Лида вся вспыхнула от гнева и смущения и быстро отделилась от спинки кресла, в котором небрежно развалилась.
– Она вас просит узнать об этом? – сказала она, запинаясь от волнения. – Почему это её так интересует?
– Надежду Трофимовну? Мне помнится, вы с ней родные и отчасти подруги.
– Да, да, конечно. Но она могла бы написать мне об этом прямо. Почему она предполагает, что я должна быть особенно откровенна с вами? Это её личная точка зрения, которой я не понимаю, – ядовито заметила Лида, надавив на слове «личная».
– Помилуйте, что ж тут за хитрости! Всякий понимает, что если девушка выходит замуж, то она не станет этого скрывать, а не выходит, тоже скрывать не станет. Разве это какой грех?
– Ну да, я выхожу за Овчинникова, скажите это Наде… что ж из этого – сказал сердито Лида.
– Да из этого выйдет мало хорошего, Лидия Николаевна, – серьёзно сказал Суровцов, пристально глядя на Лиду.
– Вот как! – ответила Лида, усиливаясь насмешливо улыбнуться. – Надя поручила вам настращать меня. Я должна сказать вам, Анатолий Николаевич, что в подобных делах советуюсь только с мамой и не нуждаюсь ни в чьих других советах.

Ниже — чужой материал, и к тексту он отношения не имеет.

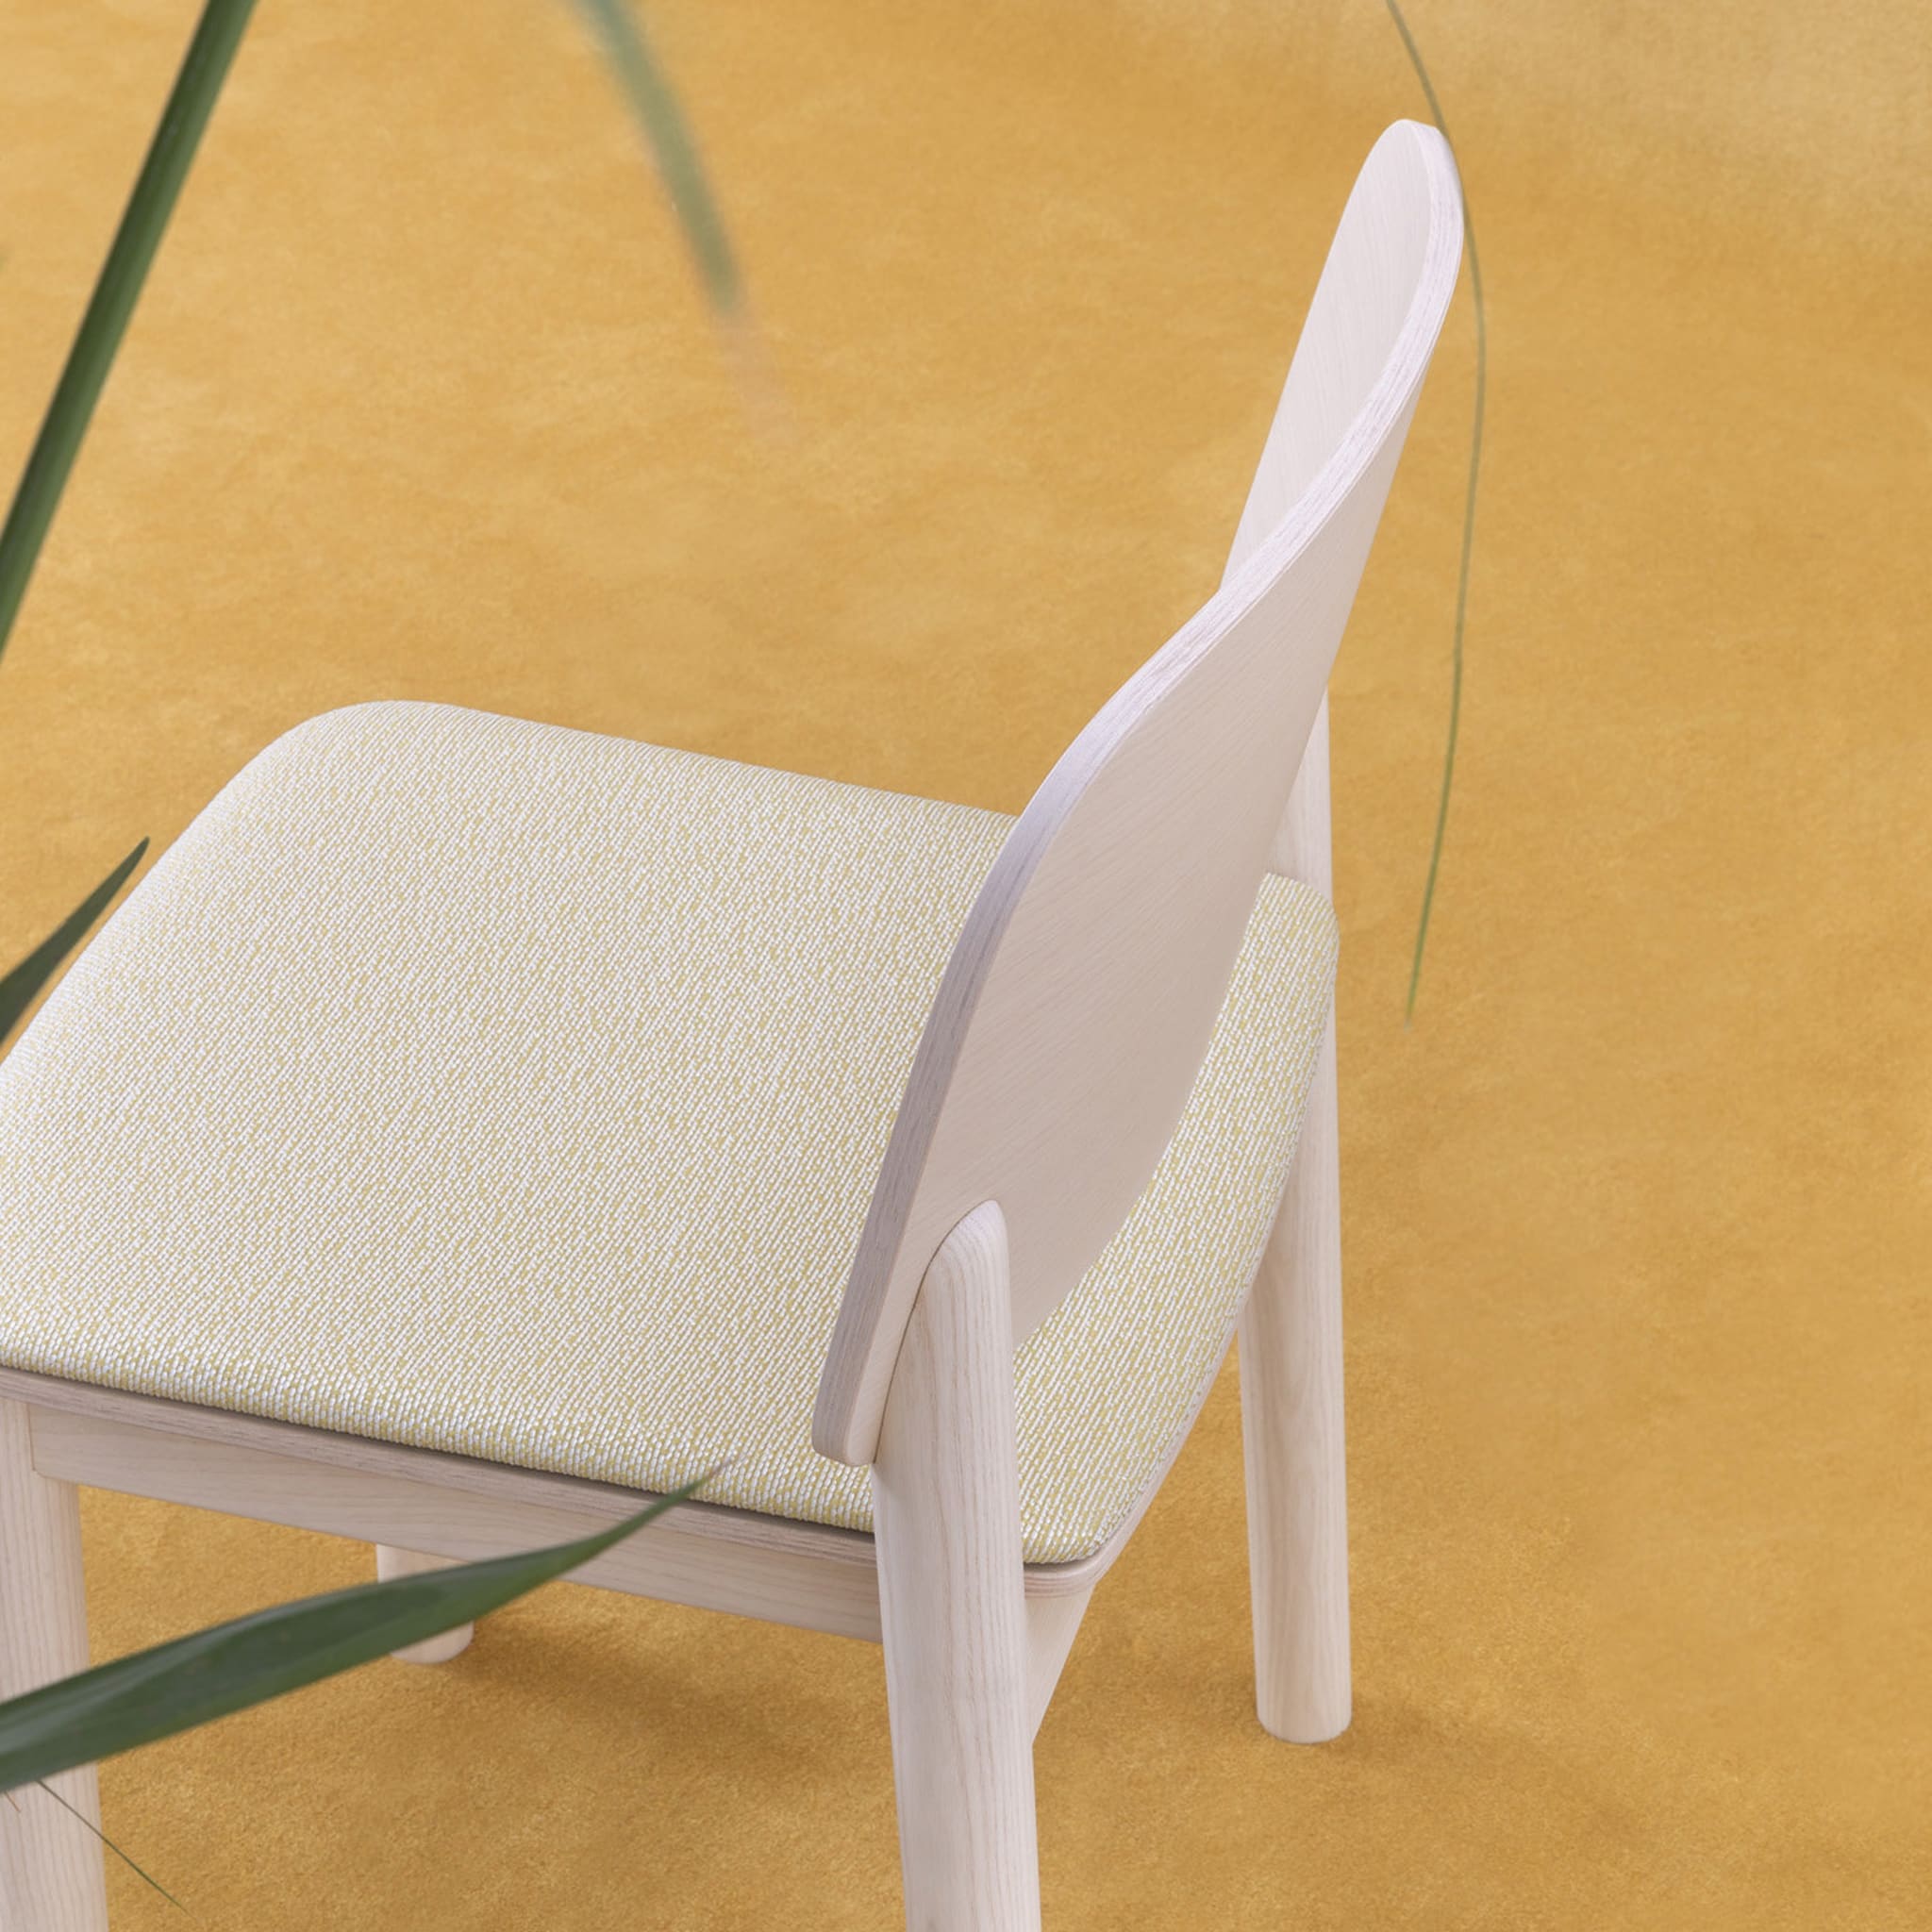 White Chair by Harri Koskinen - Alternative view 1

– Да ведь советы сами по себе вреда не принесут, Лидия Николаевна. Самое плохое, что их выслушаешь и махнёшь рукой. А иногда совет может раскрыть глаза на такие вещи, которых мы не подозреваем.
– Мне очень приятно слышать от вас это поучение, – холодно сказала Лида, – но что касается моей личной судьбы, то я желала бы избавить вас от труда заниматься ею. Я вас прошу передать Наде, что я выхожу замуж за Николая Дмитриевича, и если можно, прекратить разговор об этом предмете.

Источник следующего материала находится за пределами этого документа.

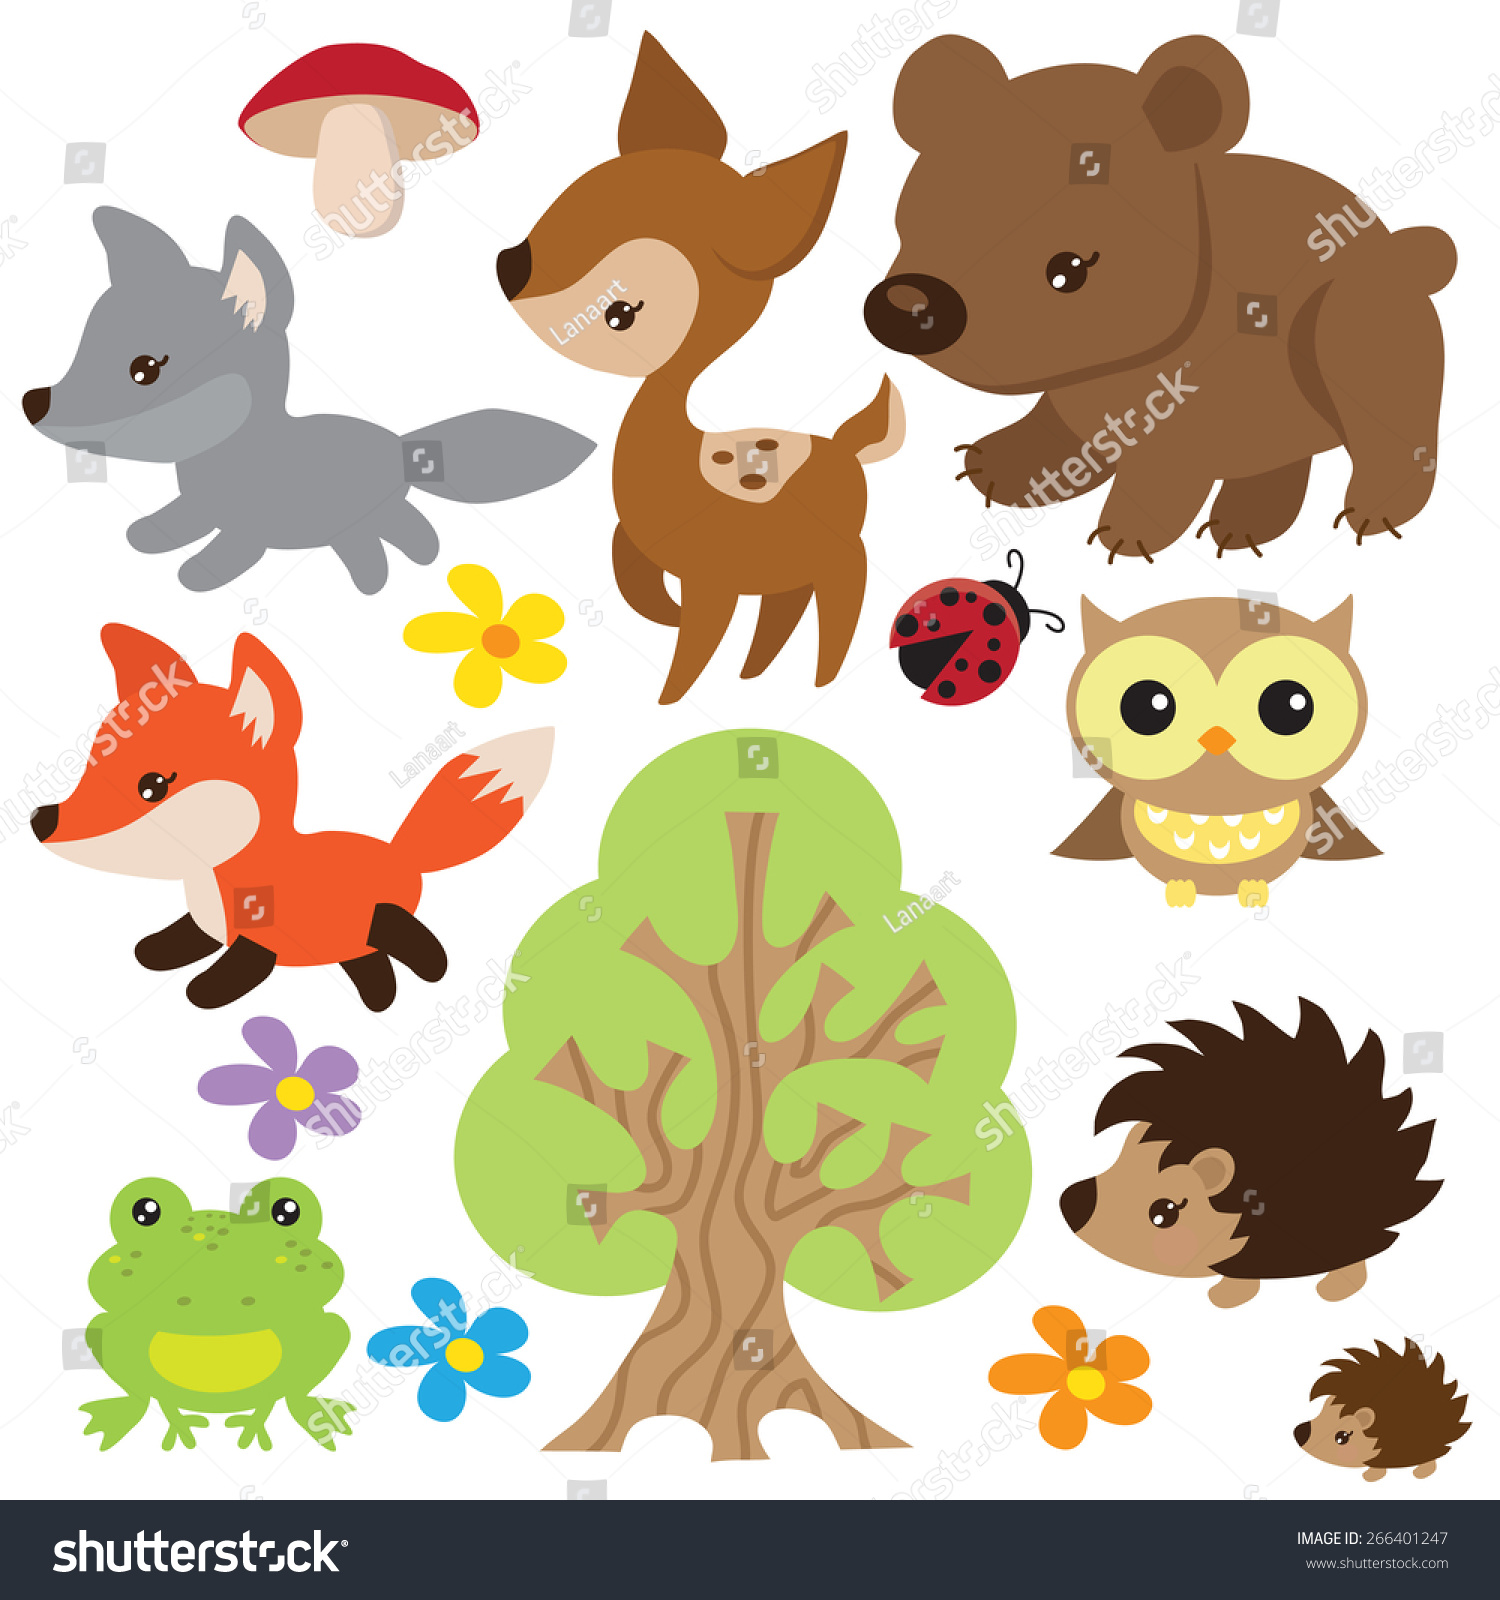 Forest Animal Vector Illustration - 266401247 : Shutterstock

– Послушайте, Лидия Николаевна, я не из числа тех любезников, которые рисуются перед вами галстучками и фраками, – серьёзно сказал Суровцов. – Поэтому и вы забудьте на минуту о том, что мы в гостиной. что я кавалер, а вы божество крутогорских балов. Мы знаем друг друга довольно хорошо и в довольно обыденной обстановке. Я человек совсем простой, дайте же мне сказать вам по-человечески, без всяких крутогорских выдумок то, что меня заставляет вам сказать моя совесть.
Лида гневно, но совершенно растерянно смотрела на Суровцова, снова откинувшись в кресло и чувствуя, что она будет вынуждена выслушать сейчас что-то тяжёлое.

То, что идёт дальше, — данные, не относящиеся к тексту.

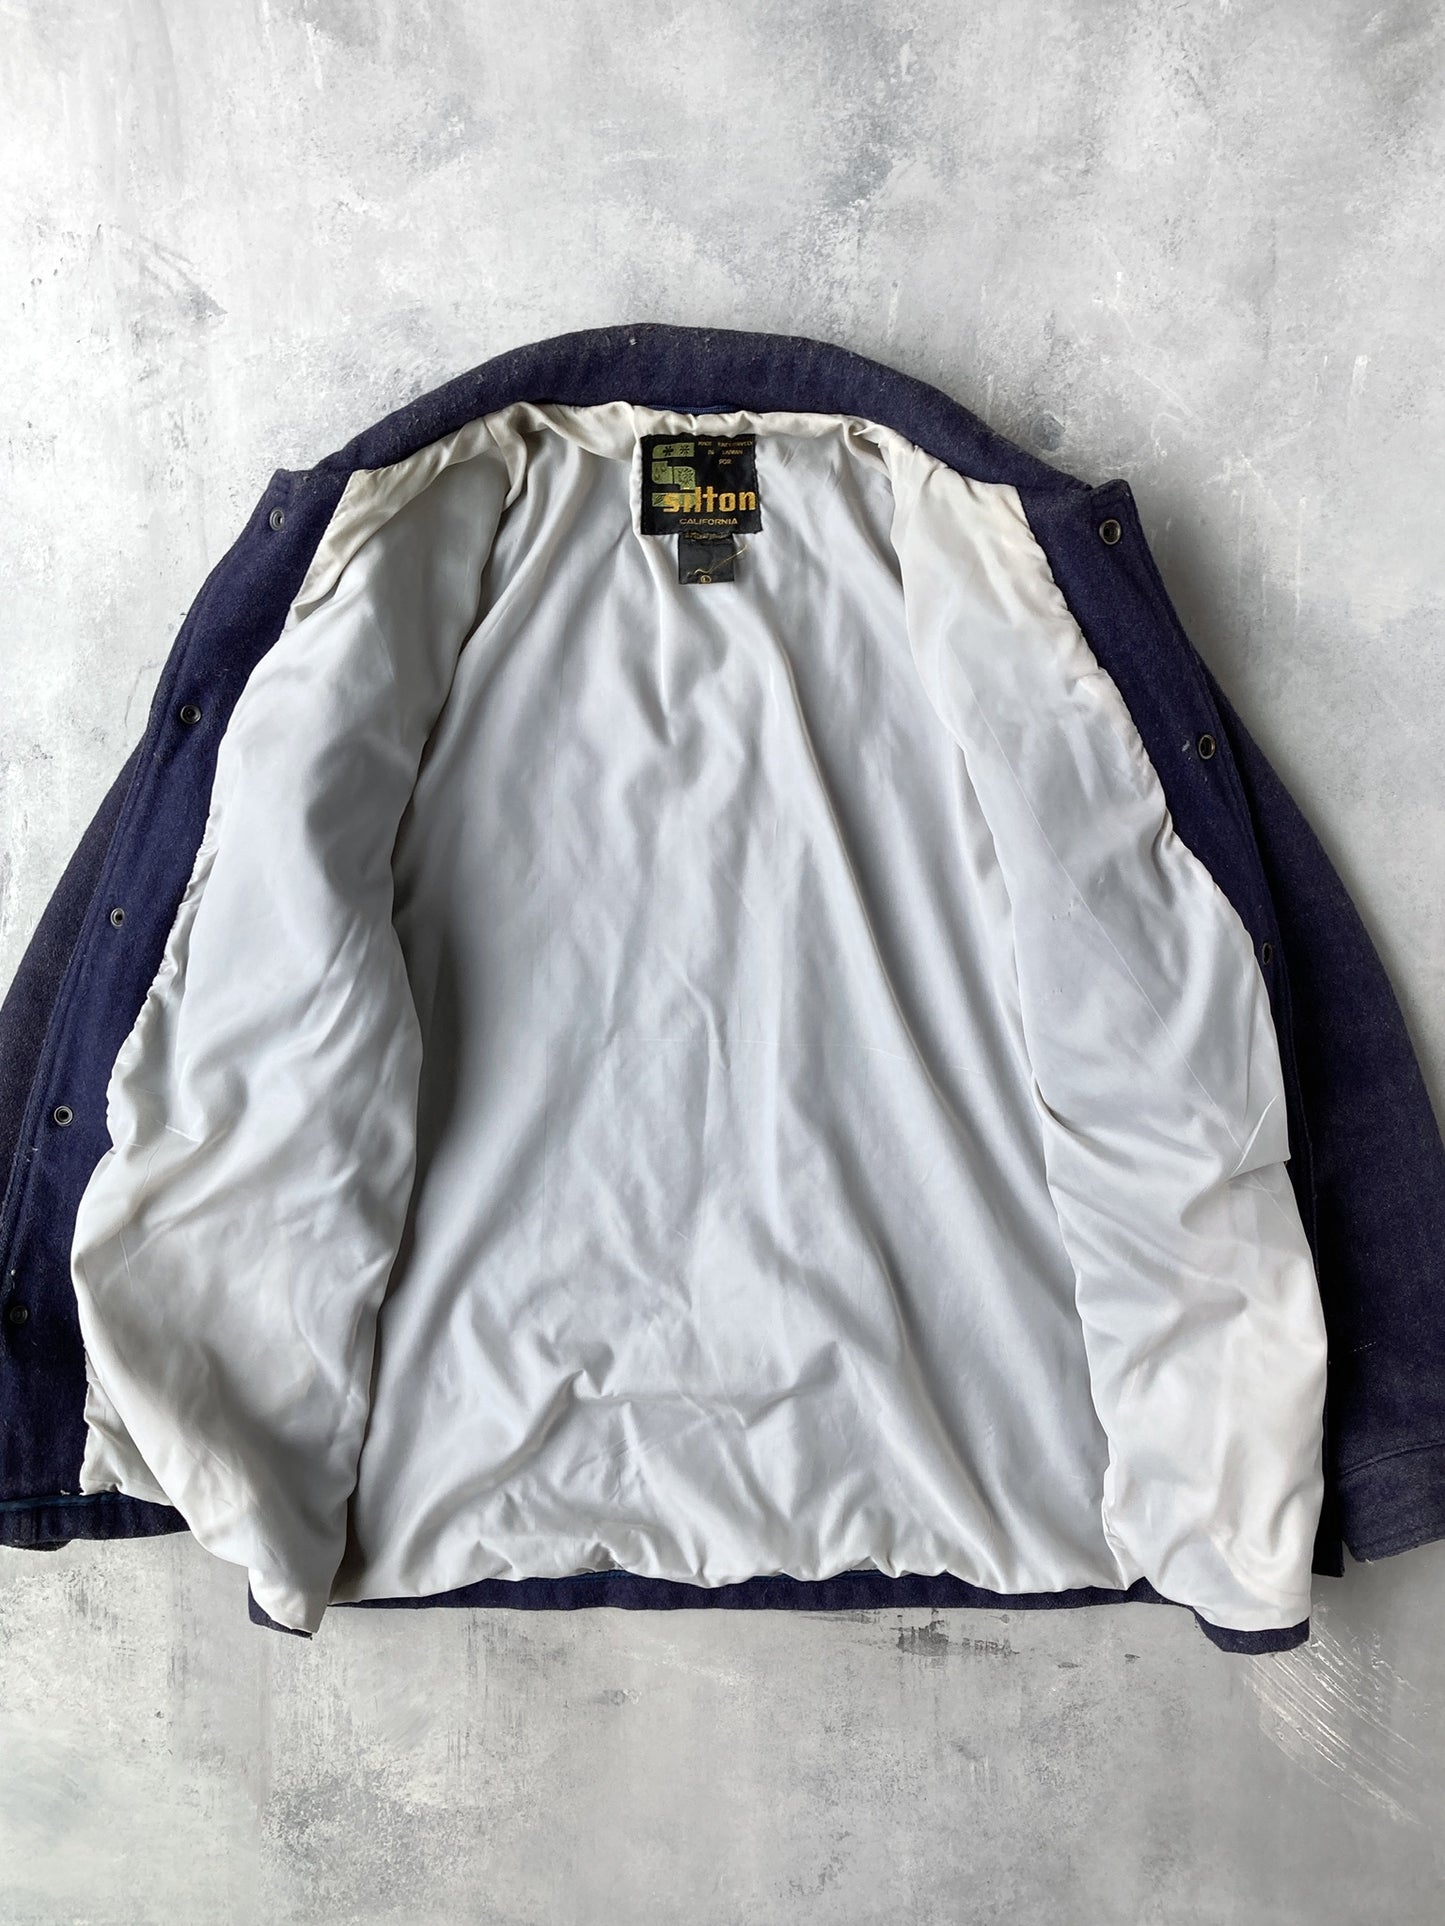 Wool Shirt Jacket 80's - Medium / Large

– Танцы ведь когда-нибудь кончатся, Лидия Николаевна, а жизнь придётся век жить, – продолжал Суровцов строгим авторитетным тоном. который заметно стал действовать на Лиду. – Вы девушка умная и сообразительная, даром что молода. Зачем вам продавать себя?
– Я никому не продавалась… не смейте оскорблять меня, – прошептала Лида вздрогнувшими побелевшими губками. Глаза её быстро наполнились слезами бессильного гнева, но она словно не смела остановить Суровцова.
– Вам нужно богатство. Я это знаю, – говорил всё увереннее и твёрже Суровцов. – Вам действительно невозможно выйти за бедного. Вы воспитаны так несчастно. У вас отняты все силы и привито столько слабостей. Этого не поправишь теперь. Но разве мало вполне порядочных богатых людей? У вас выбор широк. Вы нравитесь мужчинам неотразимо. Вы так блестящи, так увлекательны. – У Лиды вырвался облегчённых вздох, и она несколько спокойнее стала слушать убийственные речи Суровцова. – Искателей у вас, наверное, много. Посоветуйтесь с своим сердцем, не обманывайте его. Ведь обмануть можно на один день, а на целую жизнь обмануть нельзя. Овчинников вам не нравится, он не может вам нравиться… Если он теперь ещё не противен вам, то он будет противен вам очень скоро… Попомните моё слово.
– Я не верю ни в какие пророчества, – с трудом выговорила Лида. – И удивляюсь вашей дерзости…
– Помилуйте, тут дело вовсе не о дерзости, и не о любезничанье… Из-за чего буду я говорить дерзости? Ребёнок я, что ли? Вы, кажется, знаете меня настолько. Дело идёт о всей вашей жизни, а не о форме моих слов, какова бы она ни была. Овчинников глуп, гадок, вы это хорошо знаете. Разве есть на свете женщина, которой он может понравиться? А у вас столько изящного вкуса, столько живых потребностей…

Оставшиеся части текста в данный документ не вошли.